Surabaya, LENSANUSANTARA.CO.ID – Dua Spesialis pelaku pencurian kendaran bermotor (Curanmor ) yang selama ini meresahkan masyarakat berhasil ditangkap oleh Unit Resmob Satreskrim Polrestabes Surabaya.
Bahkan petugas tidak segan-segan memberikan tindakan tegas terukur dibagian kaki papa ke dua bandit jalanan berinisial MS (31) dan MRA (30) yang tinggal di Jalan Tambak Mayor, Surabaya.
“Kedunya memang kami lumpuhkan dengan menembak dibagian kakinya karna meraka berusaha kabur dan melawan petugas saat ditangkap.” Terang AKBP Mirzal Maulana Kasat Reskrim Polrestabes Surabaya. Kamis (24/02/2022).
Dalam aksinya, Lebih lanjut Mirzal Maulana, saat beraksi mereka berdua dengan menggunakan kunci T yang sudah digerenda kemudian dimasukkan ke kunci rumah kunci motor hingga sampai merusaknya.

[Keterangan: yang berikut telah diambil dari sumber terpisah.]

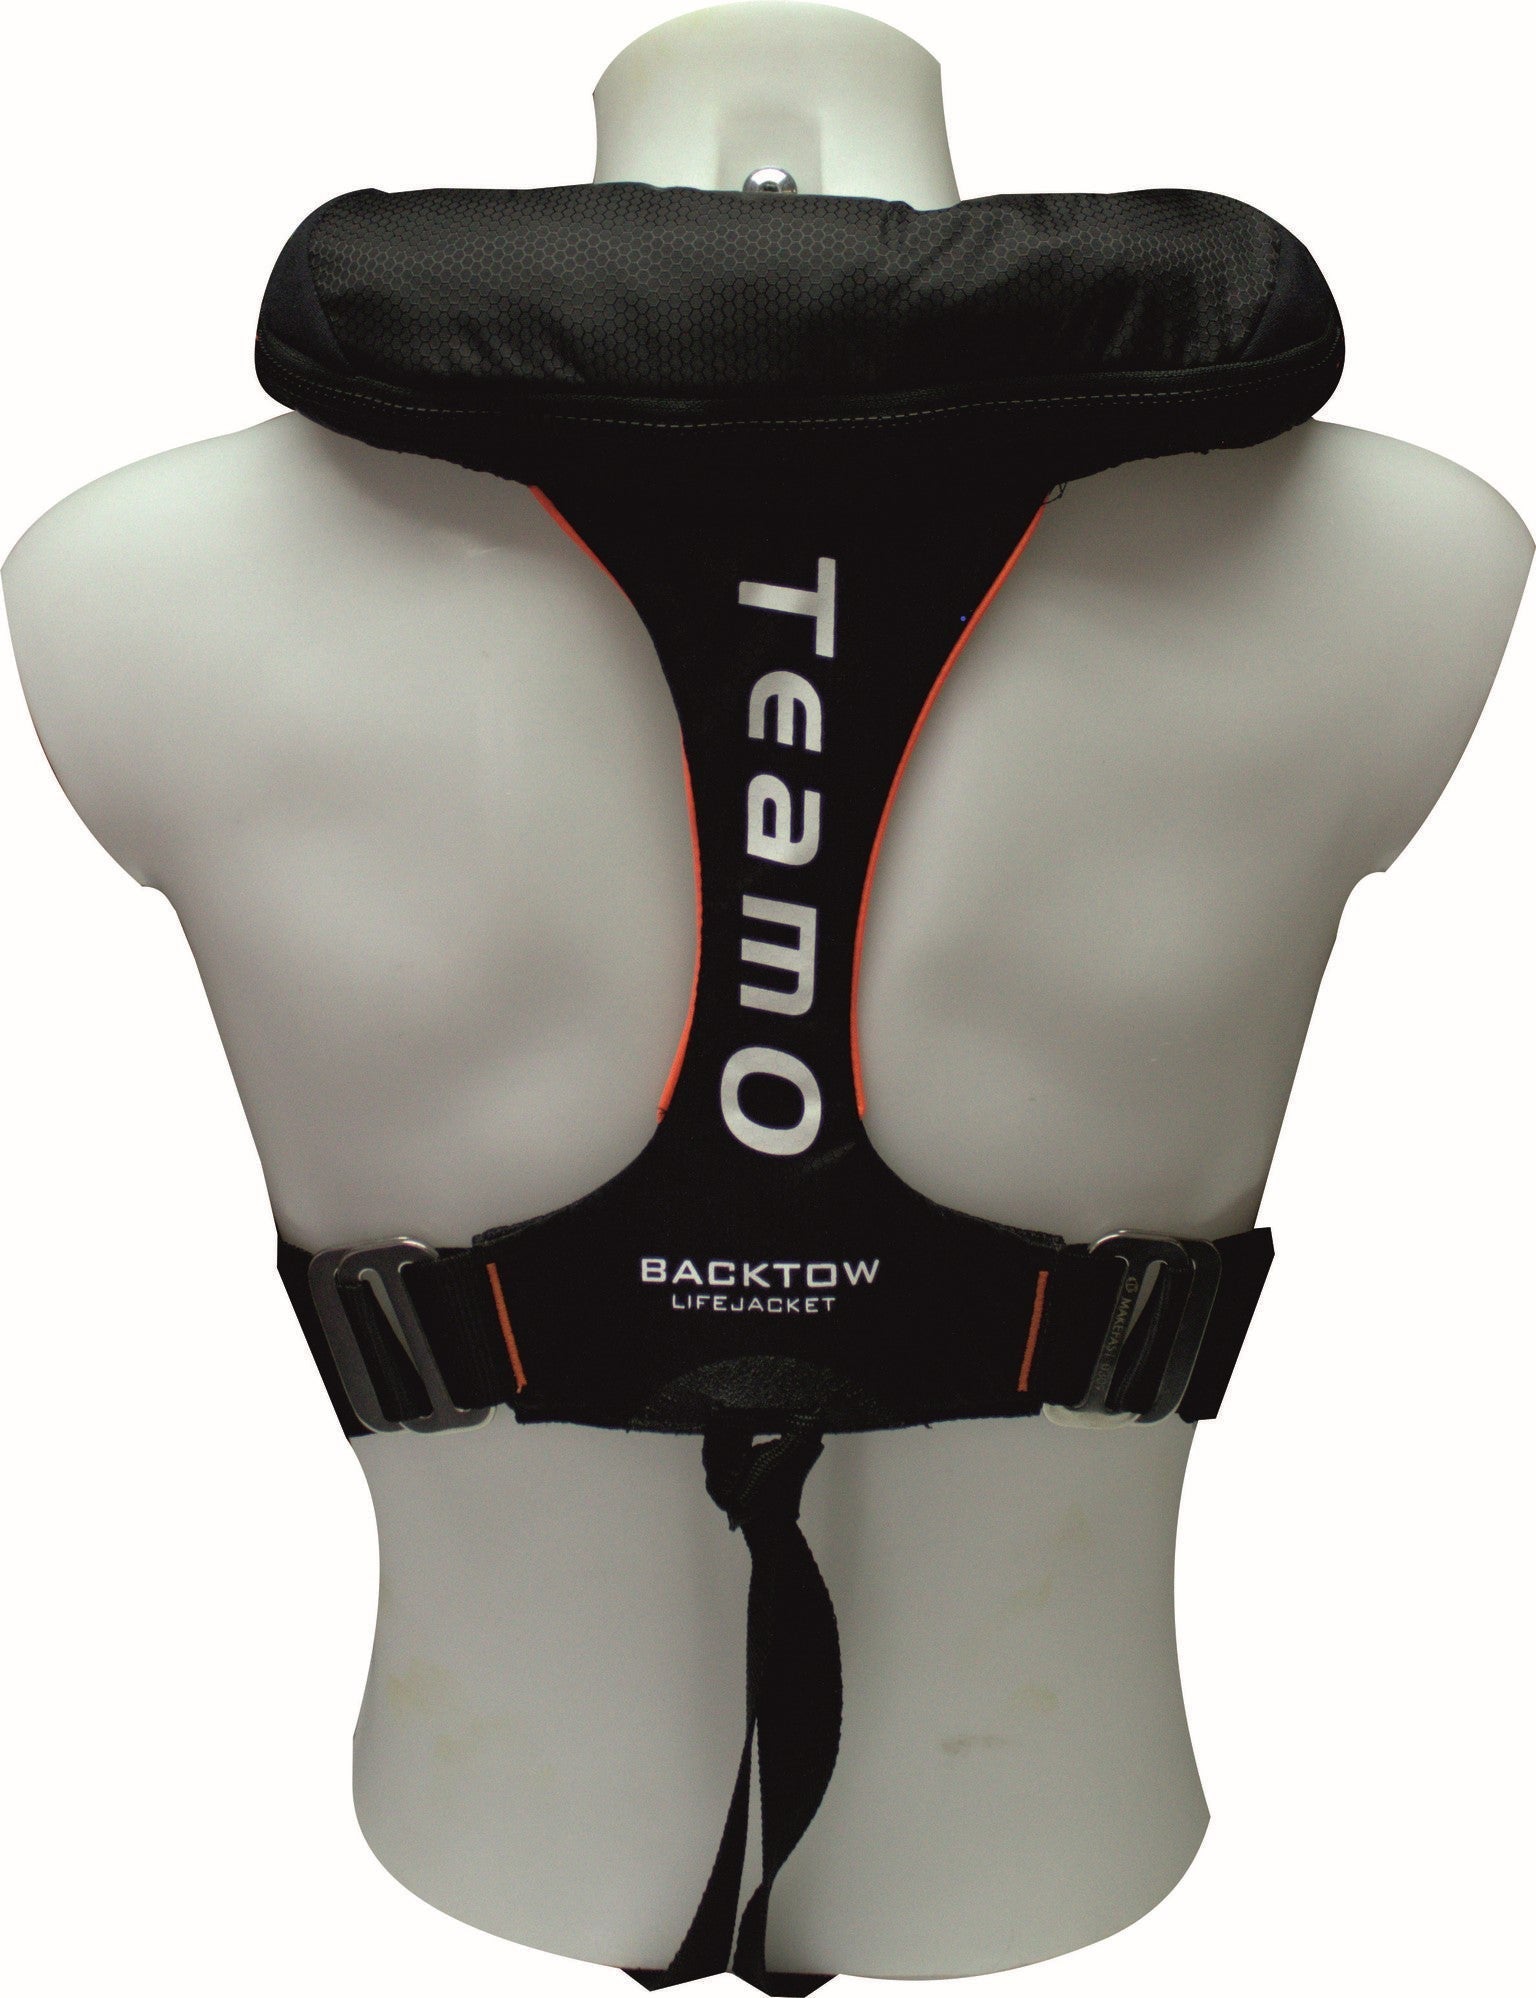 TeamO inflatable PFD from back
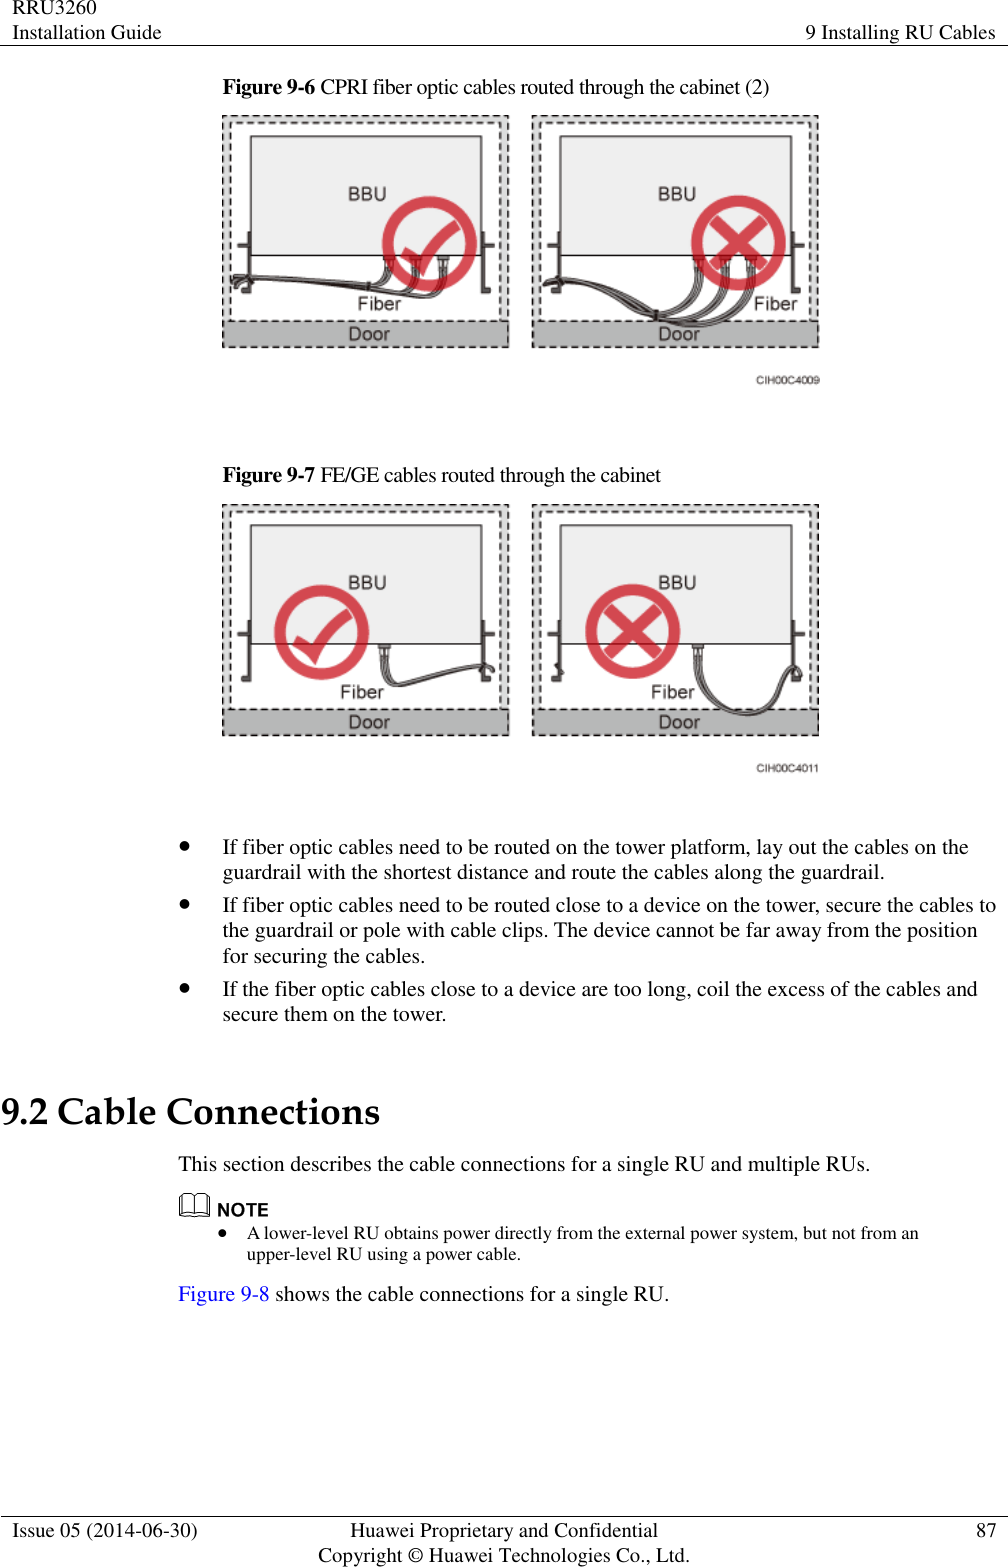 RRU3260 Installation Guide 9 Installing RU Cables  Issue 05 (2014-06-30) Huawei Proprietary and Confidential                                     Copyright © Huawei Technologies Co., Ltd. 87  Figure 9-6 CPRI fiber optic cables routed through the cabinet (2)   Figure 9-7 FE/GE cables routed through the cabinet    If fiber optic cables need to be routed on the tower platform, lay out the cables on the guardrail with the shortest distance and route the cables along the guardrail.  If fiber optic cables need to be routed close to a device on the tower, secure the cables to the guardrail or pole with cable clips. The device cannot be far away from the position for securing the cables.  If the fiber optic cables close to a device are too long, coil the excess of the cables and secure them on the tower. 9.2 Cable Connections This section describes the cable connections for a single RU and multiple RUs.   A lower-level RU obtains power directly from the external power system, but not from an upper-level RU using a power cable. Figure 9-8 shows the cable connections for a single RU.

Mereka, bukan hanya beraksi di Kota Surabaya. Ada beberapa lokasi lain di wilayah Polresta Sidoarjo diantaranya, Kletek Taman Sidoarjo empat kali dan Kost Kalibader, Geluran Taman, satu kali.
“Untuk TKP di Surabaya sendiri diantaranya milik warga Jalan Pakis Tirtosari, Sukomanunggal, dan Jalan Kaliasin.” Ungkapnya.
Setalah banyaknya laporan, masih kata Mirzal anggota yang dipimpin kanit Resmob Iptu Aldhino dan Kasubnit Ipda Prima Andre langsung melakukan penyelidikan hingga pemetaan guna membekuk pelaku Curanmor tersebut.
Dari rekaman kamera CCTV serta saksi-saksi akhirnya menemui titik terang. Pada, 23 Februari sekitar pukul 02.00 WIB, dua tersangka diketahui keberadaannya lalu dibuntuti hingga dilakukan penangkapan pada para tersangkanya.
“Keduanya ditangkap saat usai berhasil melakukan aksi pencurian motor. pada pukul 03.00 wib, di Jalan Tanjungsari yang diakhiri dengan memberikan tindakan tegas terukur untuk mencegah pelaku melarikan diri”Imbuhnya.
Dari dua pelaku juga diamankan barang bukti, Honda Scoopy warna putih nopol L 2298 U digunakan sarana, STNK milik korban, rekaman CCTV, HP, motor Scoopy warna silver nopol W 2545 OZ, 2 alat hisap sabu, kunci T dan 3 buah senjata tajam.
“Kedunya kini harus mempertanggung jawabkan atas perbuatanya dan meraka akan dijerat dengan Pasal 363 KUHP tentang pencurian dengan pemberatan yang ancamannya 7 tahun.” Pungkasnya.